Hikma v. Amarin: Can a Skinny Label Shield a Generic from Infringement?

On April 13, 2026, Hikma filed its reply brief, completing merits briefing in this closely watched generic drug dispute. The reply arrives alongside a substantial amicus showing. Briefs filed on March 27 from brand manufacturers including Sanofi, Regeneron, AbbVie, and PhRMA, as well as from former Federal Circuit Chief Judge Paul R. Michel and a group of academic medical centers, reflect the breadth of industry concern about how the Court resolves the “skinny label” question. The SCOTUSBlog case page tracks the full filing record.

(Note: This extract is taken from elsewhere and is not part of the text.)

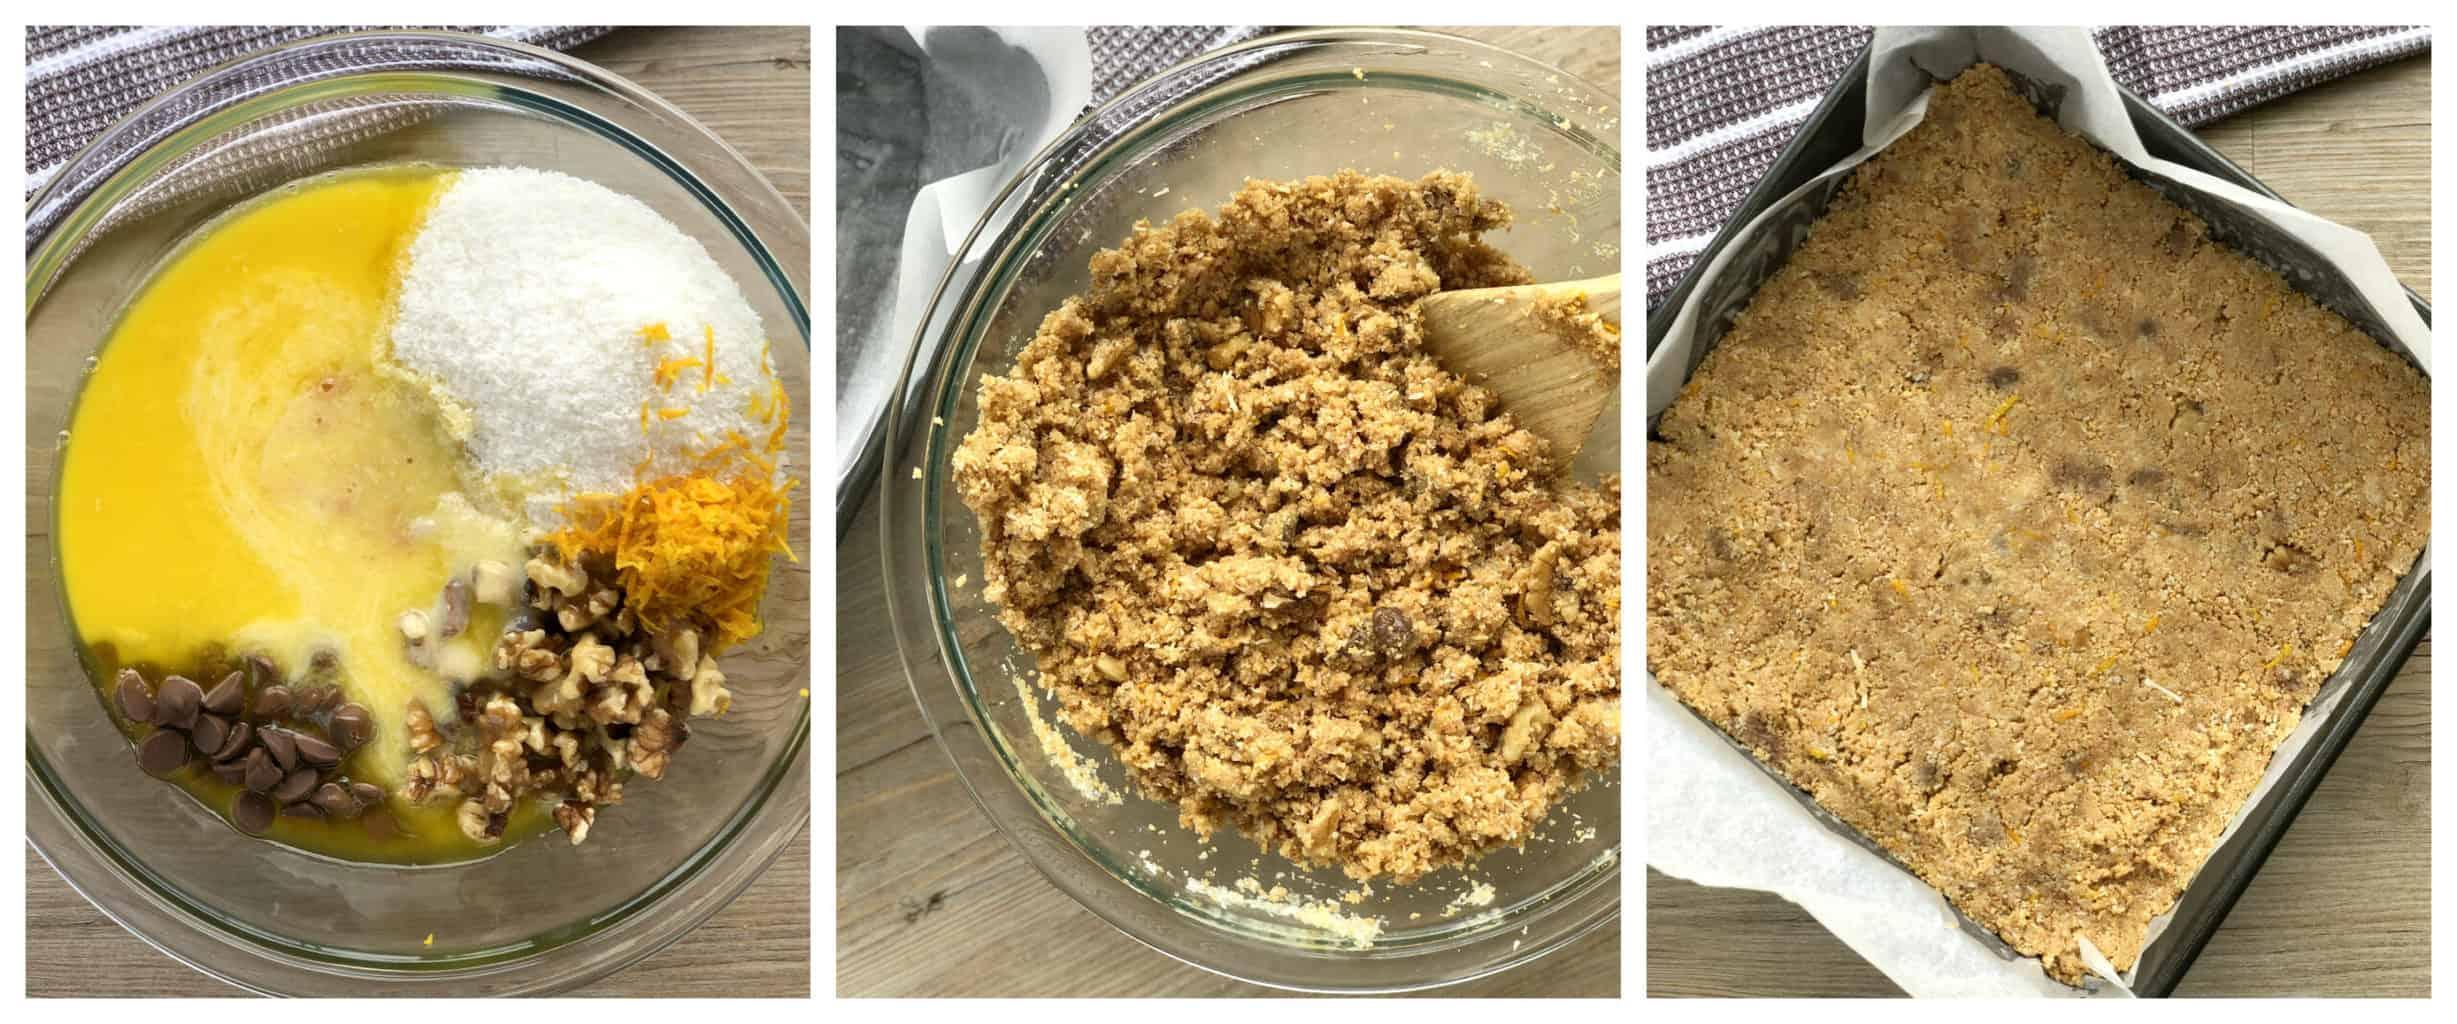 How to make Orange Coconut Biscuit Slice

The underlying dispute centers on whether a generic drugmaker that fully carves out a patented use from its label can nonetheless face induced infringement liability. Amarin sued Hikma, pointing to marketing materials describing its product as a “generic version” of the branded drug and citing the branded drug’s sales figures. Hikma argues this approach effectively nullifies the skinny-label mechanism Congress built into the statutory framework. Amarin responds that deliberate free-riding on a brand’s reputation can constitute inducement.

The Court’s answer will set the outer boundary of induced infringement liability for generic manufacturers across the pharmaceutical industry. If brand-referencing marketing alone suffices, the skinny-label pathway becomes considerably less reliable as a tool for bringing lower-cost generics to market while respecting valid patents.